Protect Health Workers with Climate-Resilient Water, Sanitation, and Hygiene
Rahima is a health worker at the Raghunathpur Community Clinic in Bangladesh where she works seven days a week providing prenatal and infant care. Her clinic is the only one in the region that offers free health care for expectant mothers. Often, patients must walk long distances with small children to get to the clinic and they arrive thirsty. For years, the clinic had one toilet that didn’t work and no clean water nearby for handwashing or drinking, so she had to share water she brought from home with her patients.
Rahima’s working conditions are still far too common. Globally, 1.7 billion people still lack running water at their health care centers, and it puts frontline workers and patients at risk.
Most people understand that fair pay, proper training, and quality personal protective equipment are essential for frontline health workers to effectively do their jobs. But clean water, decent toilets, and access to soap for cleaning and handwashing are equally important, and they are key to preventing the spread of infections and diseases like cholera.

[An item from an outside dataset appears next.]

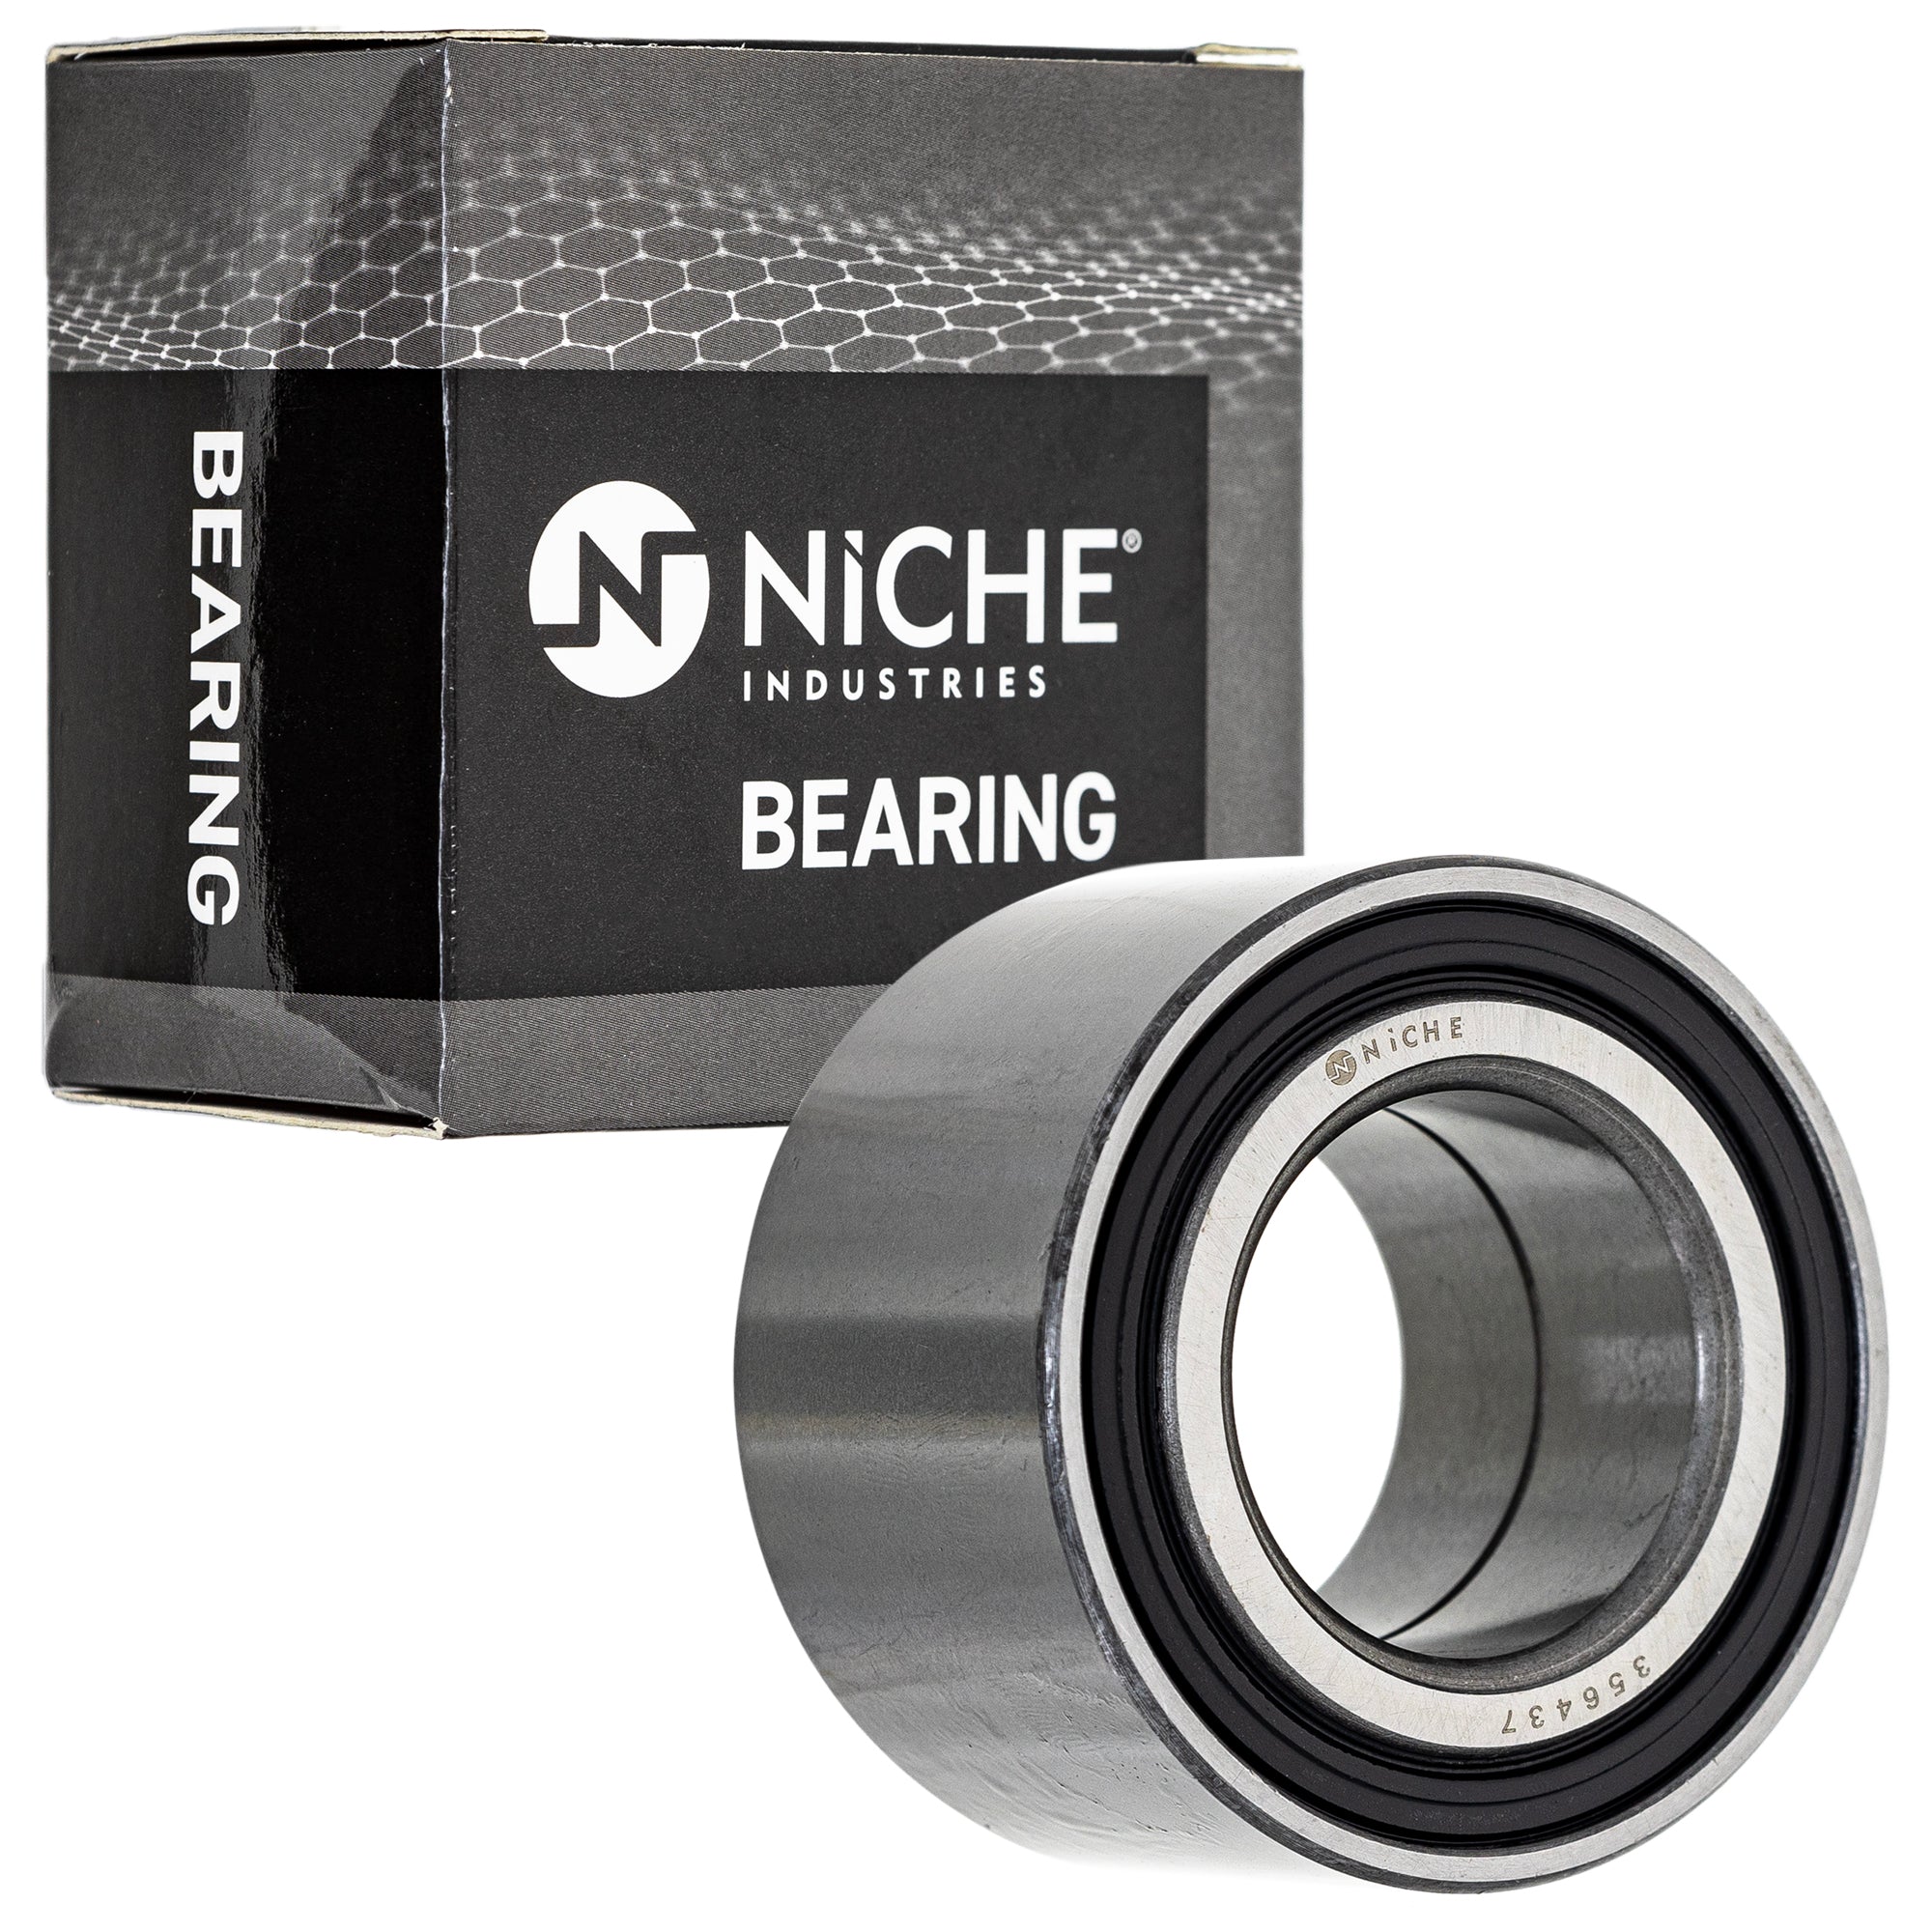 NICHE 519-CBB2283R Bearing 2-Pack for zOTHER GEM Trail-Blazer ST1300

Climate change is making a bad situation worse
While COVID-19 occupies many of the headlines, health experts are expressing alarm at a resurgence of cholera around the world, reversing years of declining infections. Rahima works less than one hundred miles from Bangladesh’s capital city of Dhaka, which suffered its worst cholera outbreak in sixty years in 2022. At its peak, more than 1,200 people per day were hospitalized. Climate change is now recognized as a major contributing factor in the resurgence of this deadly disease, and the severity and frequency of outbreaks are intensifying.
According to Arielle Nylander, WaterAid’s Senior Health Policy Analyst, “Among the usual contributing factors like poverty, weak infrastructure, conflict, and humanitarian crises, climate shocks are increasingly driving multiple severe cholera outbreaks and posing an enormous challenge to effectively controlling and ultimately eliminating this disease in 2023 and beyond.”
Rahima’s community, home to 30 families who are mostly dependent on fishing and farming, is already experiencing the consequences. The community is in a remote village nearly two miles from the nearest clean water supply. They are vulnerable to climate hazards like rising temperatures, flash floods, intense tidal surges, heavy wind during tropical cyclones, and rising salinity making the water unsafe to drink.
Climate-resilient solutions
Walking several hours every day to collect water for drinking, handwashing, cleaning, and caring for expectant and new mothers is unacceptable. There is a proven model for fixing these problems through sustainable water, sanitation, and hygiene services, but it requires buy-in from an entire network of people and organizations–from local communities to the highest levels of government.
From March to December 2022, WaterAid and its implementing partner, Rupantar, installed climate-resilient infrastructure in Rahima’s community, including an underground rainwater reservoir that preserves water for up to a year, protecting against sudden flash floods and tidal surges that contaminate water supplies. WaterAid also installed toilets and handwashing stations and promoted the benefits of handwashing with soap.
Now Rahima’s clinic has water on-site for drinking, handwashing, and cleaning, and toilets for patients and staff.
“The water we preserved in the rainwater harvesting plant can be used for almost a year,” says Rahima. “This was unimaginable in the past. [Patients] now clean their hands after using the toilet. Pregnant women are now more careful about hygiene practices, which helps to save the unborn children.”
A collective call to action
“It’s important that governments invest in long-term clean water and hygiene interventions in their countries,” says Dr. Patrick Otim Ramada, Africa Incident Manager for Cholera Response with the World Health Organization. “This is a multi-sectoral effort, not only a health issue. It requires, like we did for Covid, a whole governmental response so that governments really prioritize and invest in interventions that increase the availability of safe drinking water and hygiene facilities for populations in their countries in the region.”
This year, World Water Day falls on the same day as the UN Water Conference, the first water-focused conference held by the UN since 1977. While global representatives from governments, the private sector, and nonprofits gather, there’s no better time to commit to future disease prevention. Let’s care for frontline health workers like Rahima and give them the tools they need—access to clean water, sanitation and hygiene—and build systems that keep us all healthy.